- **What is needed**
The result should be the lines from the one holding "Losing grandmother can" to the final line of the records, retyped exactly.

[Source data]
________________________________________

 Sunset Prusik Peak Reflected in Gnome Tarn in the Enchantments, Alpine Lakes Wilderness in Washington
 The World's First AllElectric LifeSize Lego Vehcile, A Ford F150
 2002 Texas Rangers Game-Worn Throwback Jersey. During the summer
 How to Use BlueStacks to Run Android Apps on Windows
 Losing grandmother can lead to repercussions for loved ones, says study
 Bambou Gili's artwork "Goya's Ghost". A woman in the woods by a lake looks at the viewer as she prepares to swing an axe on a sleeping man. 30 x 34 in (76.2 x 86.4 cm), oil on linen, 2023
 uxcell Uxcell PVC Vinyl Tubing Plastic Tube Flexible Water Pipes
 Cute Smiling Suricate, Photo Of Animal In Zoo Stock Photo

________________________________________

- **Reply**
 Losing grandmother can lead to repercussions for loved ones, says study
 Bambou Gili's artwork "Goya's Ghost". A woman in the woods by a lake looks at the viewer as she prepares to swing an axe on a sleeping man. 30 x 34 in (76.2 x 86.4 cm), oil on linen, 2023
 uxcell Uxcell PVC Vinyl Tubing Plastic Tube Flexible Water Pipes
 Cute Smiling Suricate, Photo Of Animal In Zoo Stock Photo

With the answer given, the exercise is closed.